Winter Sale Limited Time 65% Discount Offer - Ends in 0d 00h 00m 00s - Coupon code: exc65

A data scientist wants to efficiently tune the hyperparameters of a scikit-learn model in parallel. They elect to use the Hyperopt library to facilitate this process.

Which of the following Hyperopt tools provides the ability to optimize hyperparameters in parallel?

A.

fmin

B.

SparkTrials

C.

quniform

D.

search_space

E.

objective_function

A data scientist has created a linear regression model that useslog(price)as a label variable. Using this model, they have performed inference and the predictions and actual label values are in Spark DataFramepreds_df.

They are using the following code block to evaluate the model:

regression_evaluator.setMetricName("rmse").evaluate(preds_df)

Which of the following changes should the data scientist make to evaluate the RMSE in a way that is comparable withprice?

A.

They should exponentiate the computed RMSE value

B.

They should take the log of the predictions before computing the RMSE

C.

They should evaluate the MSE of the log predictions to compute the RMSE

D.

They should exponentiate the predictions before computing the RMSE

A data scientist wants to tune a set of hyperparameters for a machine learning model. They have wrapped a Spark ML model in the objective functionobjective_functionand they have defined the search spacesearch_space.
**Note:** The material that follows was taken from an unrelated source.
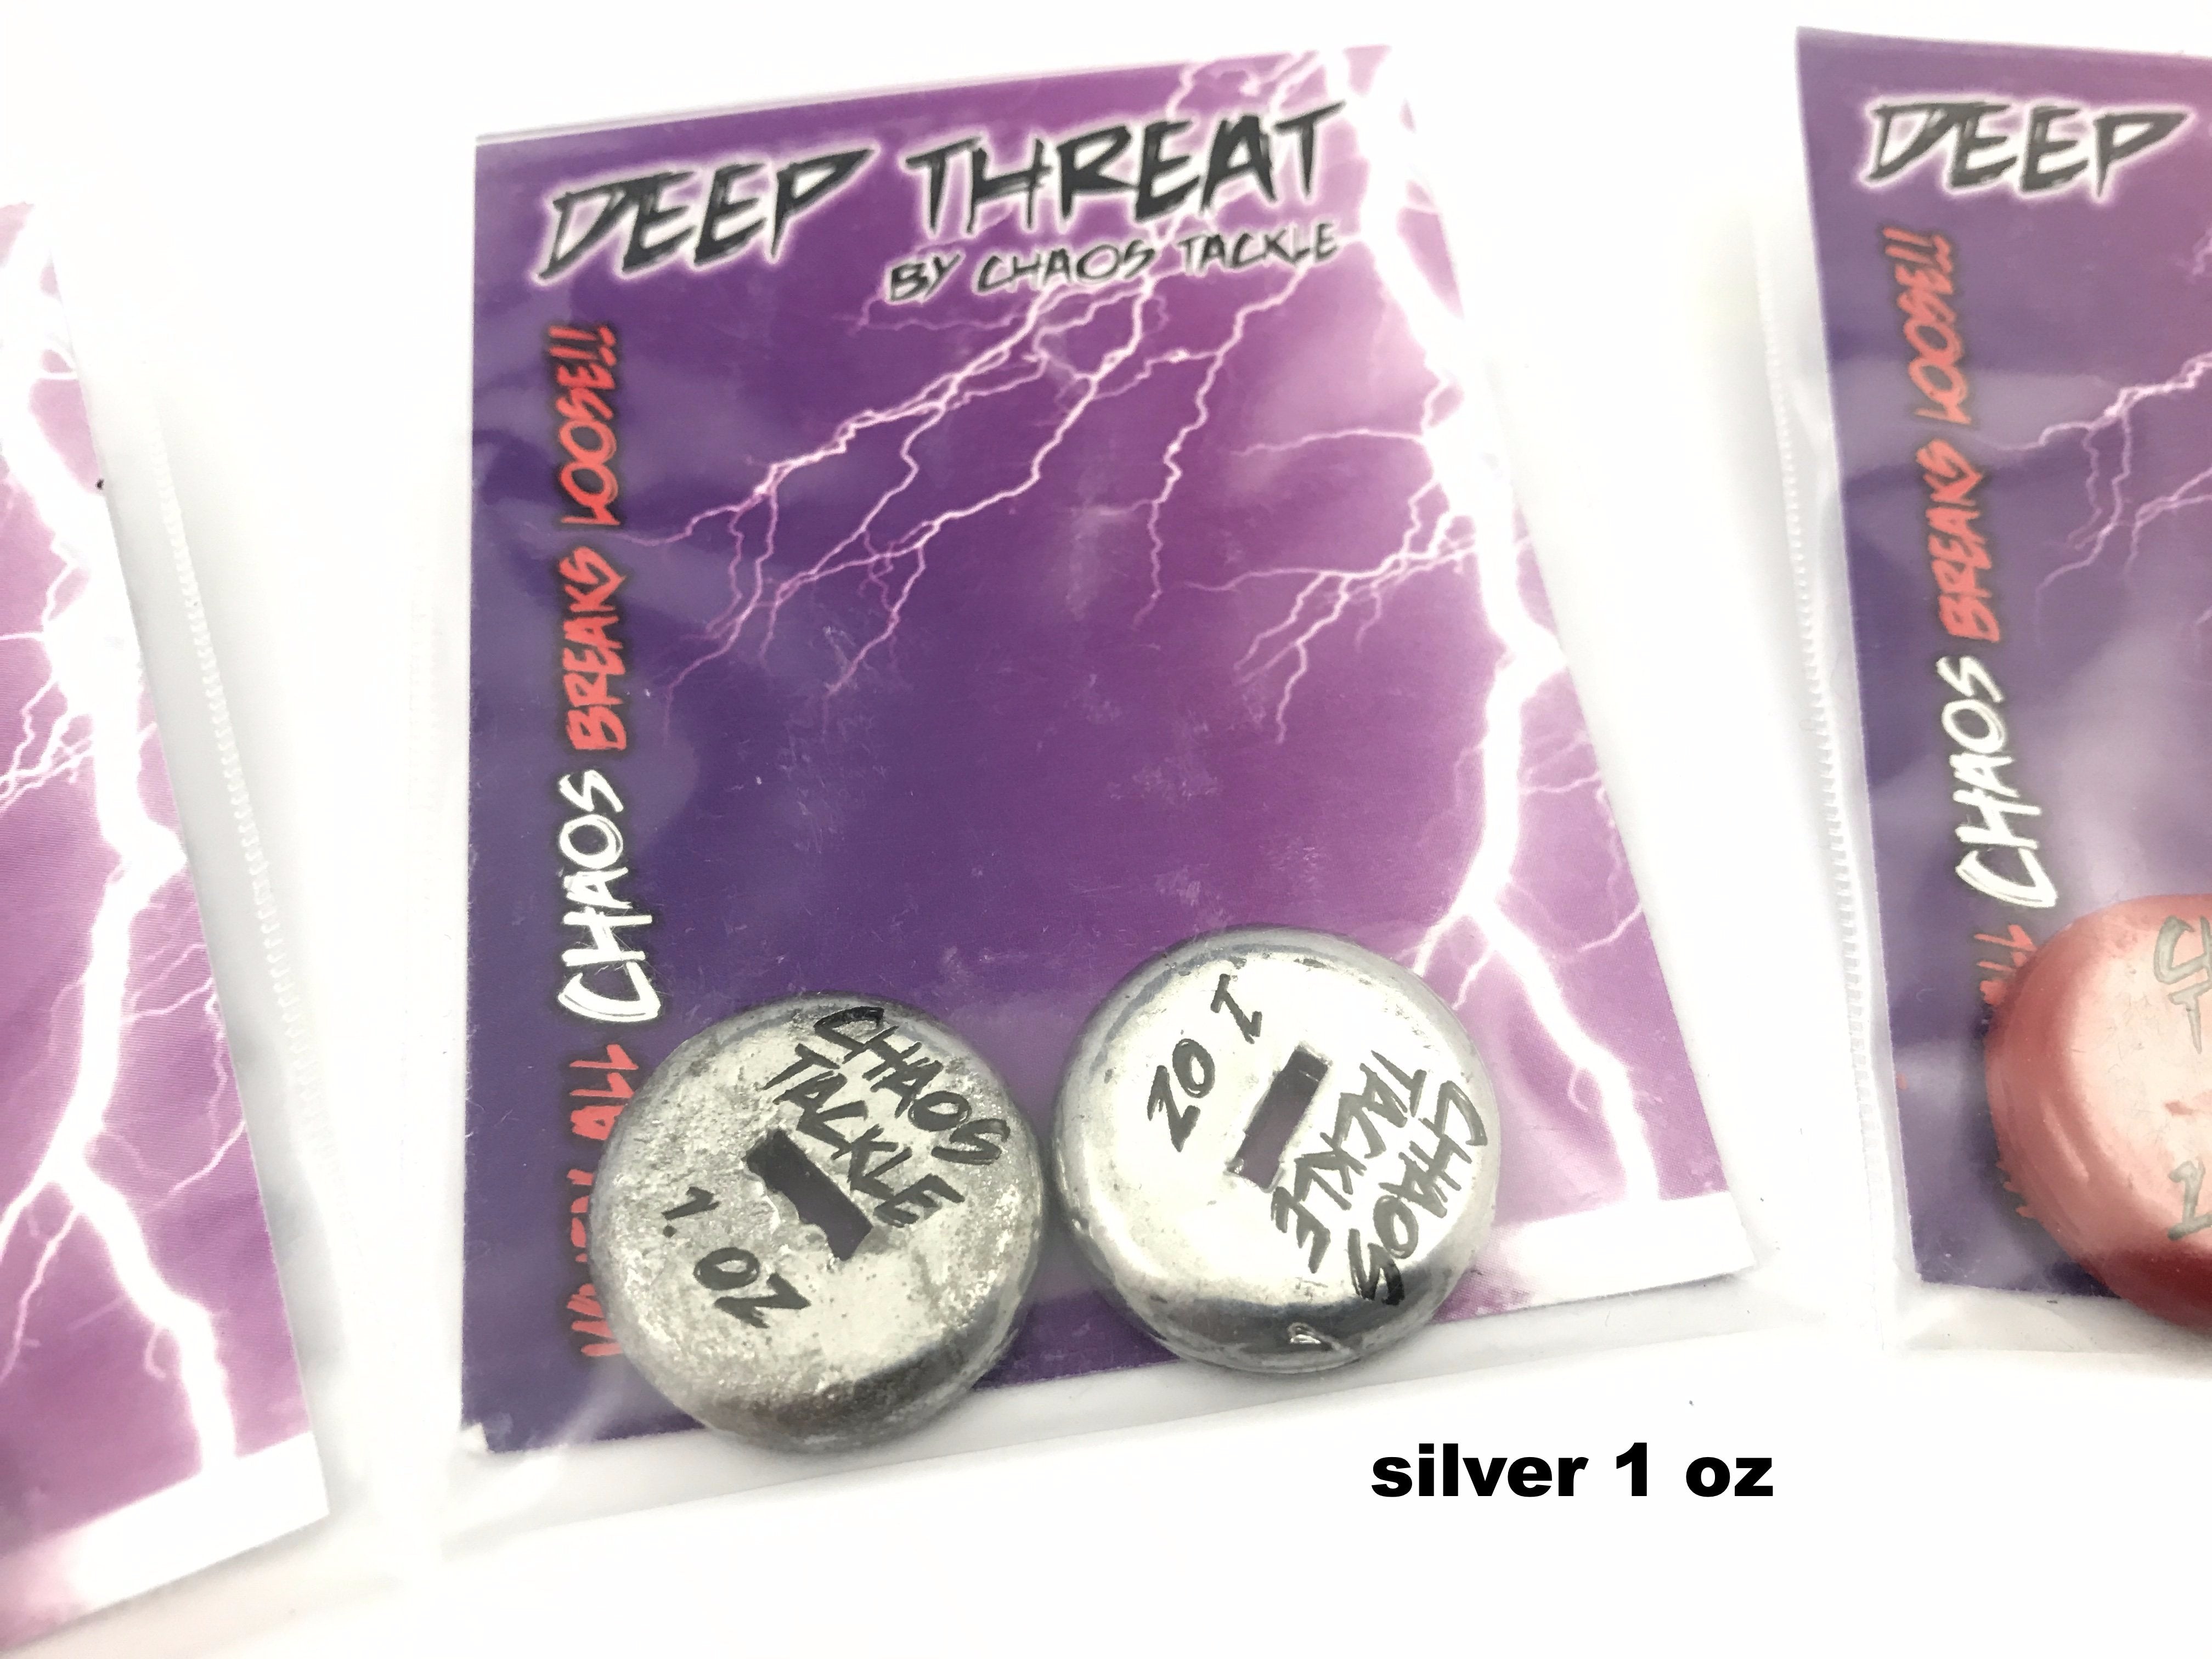 Chaos Tackle Deep Threat Weights 1/2 oz, 1 oz, or 1 1/2 oz (2 Pack

As a result, they have the following code block:

Which of the following changes do they need to make to the above code block in order to accomplish the task?

A.

Change SparkTrials() to Trials()

B.

Reduce num_evals to be less than 10

C.

Change fmin() to fmax()

D.

Remove the trials=trials argument

E.

Remove the algo=tpe.suggest argument

A data scientist has produced three new models for a single machine learning problem. In the past, the solution used just one model. All four models have nearly the same prediction latency, but a machine learning engineer suggests that the new solution will be less time efficient during inference.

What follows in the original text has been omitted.